Meanwhile earlier in the year it opened an Los Angeles office, to increase its share of the U.S. factual and scripted-entertainment market.

“It’s a busy time for us,” said John Young, the Toronto-based company’s managing directors.

While giving obvious credit to his own company’s hard working and talented people, Young nevertheless said he thinks the Canadian production industry on the whole has been picking up over the last few months.

“We are seeing the advertising revenue start to come back into the industry,” he said.

When asked to take a step back and provide an arms-length perspective on the state of the industry, Young said he believed the industry bounce back is however taking on a slightly new  form.
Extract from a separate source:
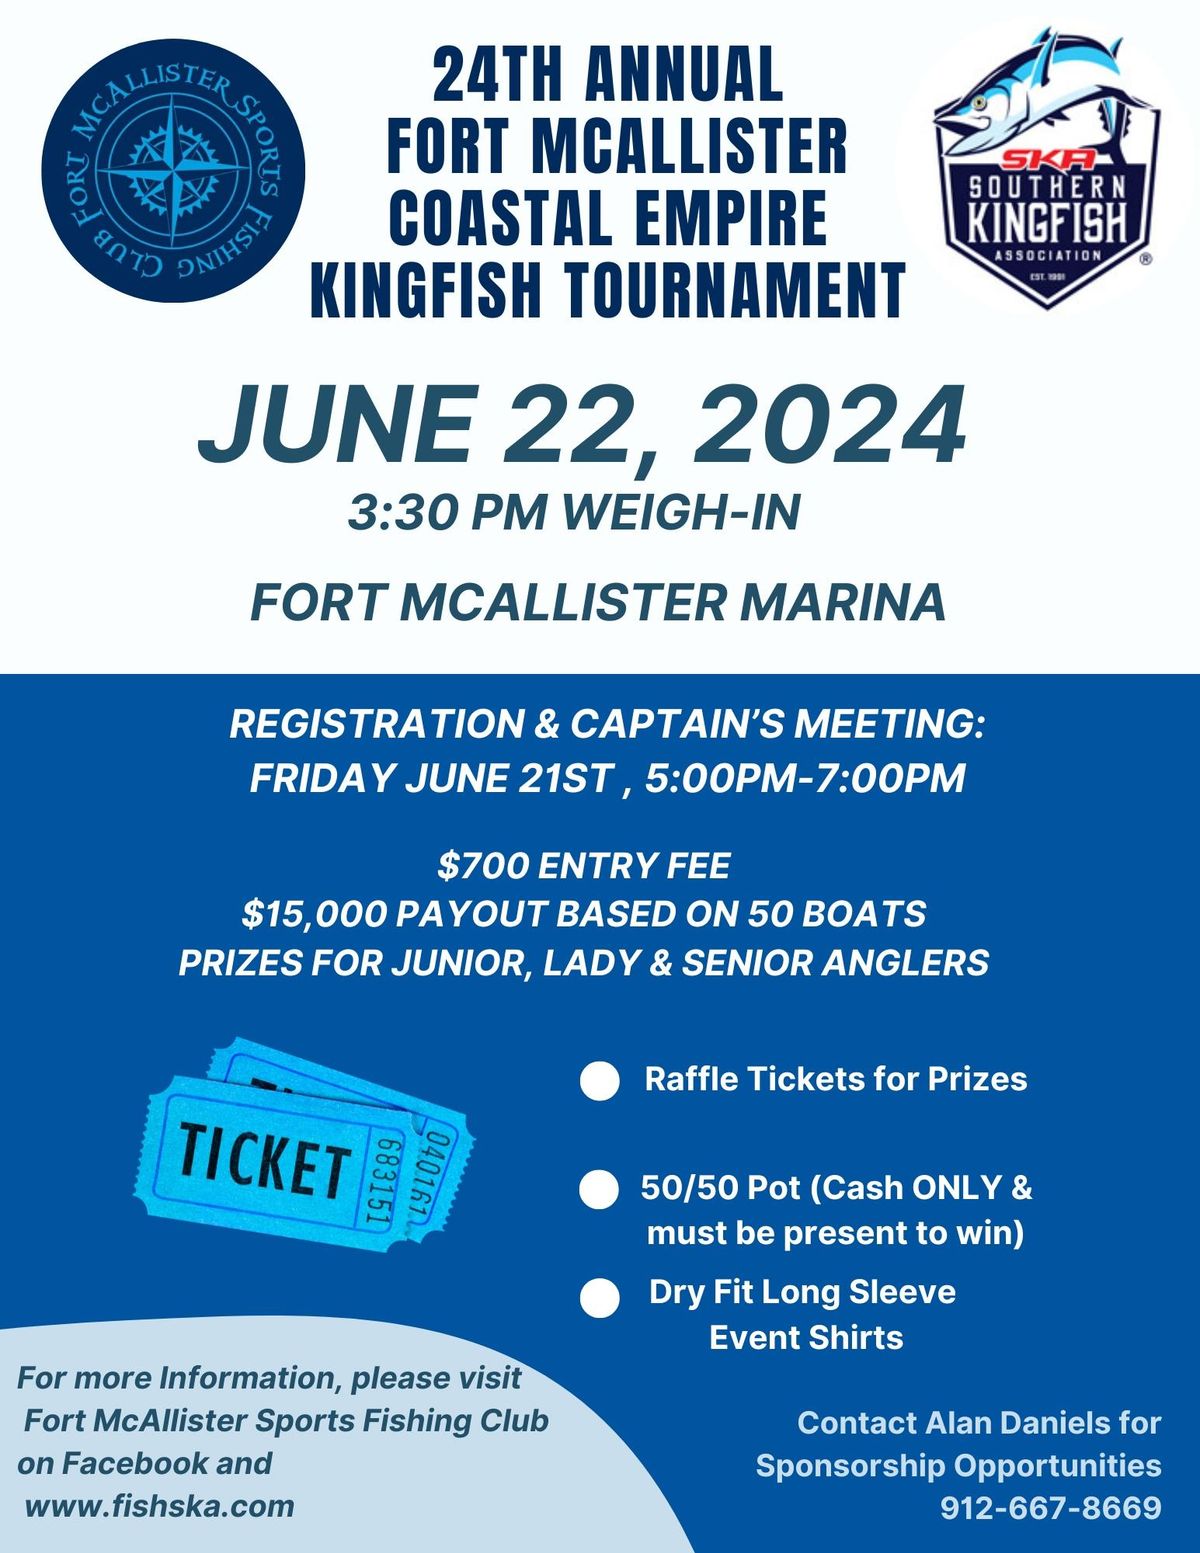 FMSFC Coastal Empire Kingfish Classic 
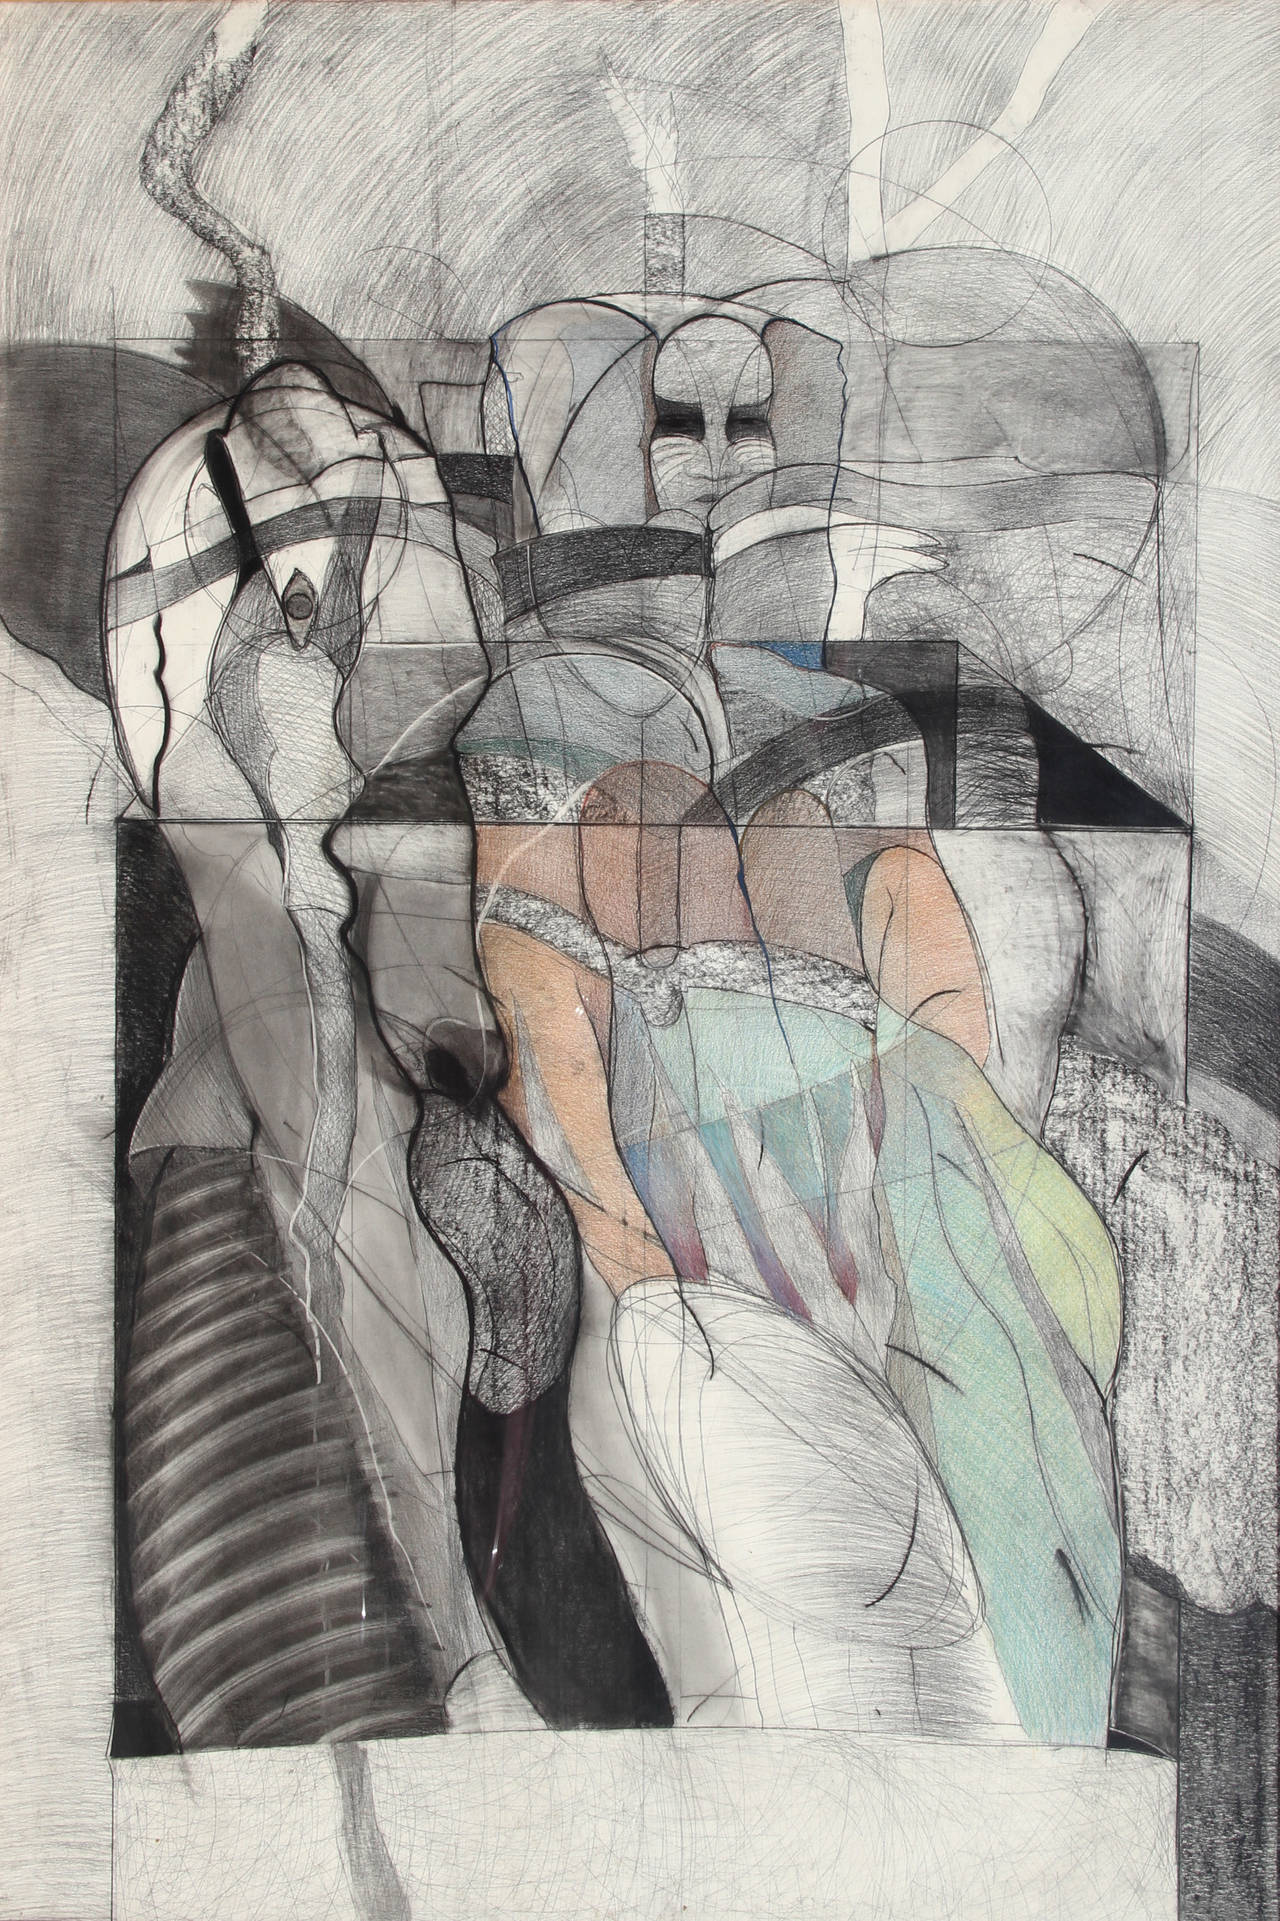 Eine Mischtechnik-Zeichnung von Michael Platt aus dem Jahr 1981. Ein gegenständliches Bild einer Figur in einer kühlen, gedämpften Farbpalette. Platt schafft Kunstwerke, die sich auf figurative Erkundungen der Überlebenden des Lebens und der

“We are seeing more in the way of branded content; we ourselves are involved in that and that side of the business we have people actively working on new projects, specifically with brands, similar in a way that we did with Recipe to Riches with Shaw Media and Loblaws,” he said.

Canadian broadcasters are looking for new and audience-grabbing program ideas, but are under greater pressure than ever to get the most out of their production envelopes. In short, traditional sources of money are tight.

“The financing of the larger-budget television shows is something that we all have to focus on, producer and broadcaster alike,” he said.

What is required is greater collaboration “decisions to get the show funded as necessary.”

He continues,  “That is where branded content is going to be an interesting piece of the puzzle as well, looking to see how brands can help work with broadcasters and producers to create great content.”

Indeed, a key programming theme during last week’s Banff World Media Festival, where Playback spoke to Young, was innovative program funding. He went on to observe “consumers don’t really have time for 30-second ads anymore— but they do have 30 minutes for a good story. That is going to be key to any piece of branded content, certainly the ones we’re trying to work on at Temple Street.”

Branded content however “is not a panacea for filling financing gaps—it’s not as simple as that—you have to build the content and naturally, organically, find a room for the brand in the show.”

More than ever, TV program makers “need to be flexible; as producers we have to try to get some of the control over our own destiny—that is always tough when others have the green light capability.”

Yet these are unmistakably promising times for the industry, and Young is upbeat.

“I think with all the fragmentation and channels and different places to go to perhaps put your content—and have other people buy your content—that opens up a number of interesting avenues,” he said.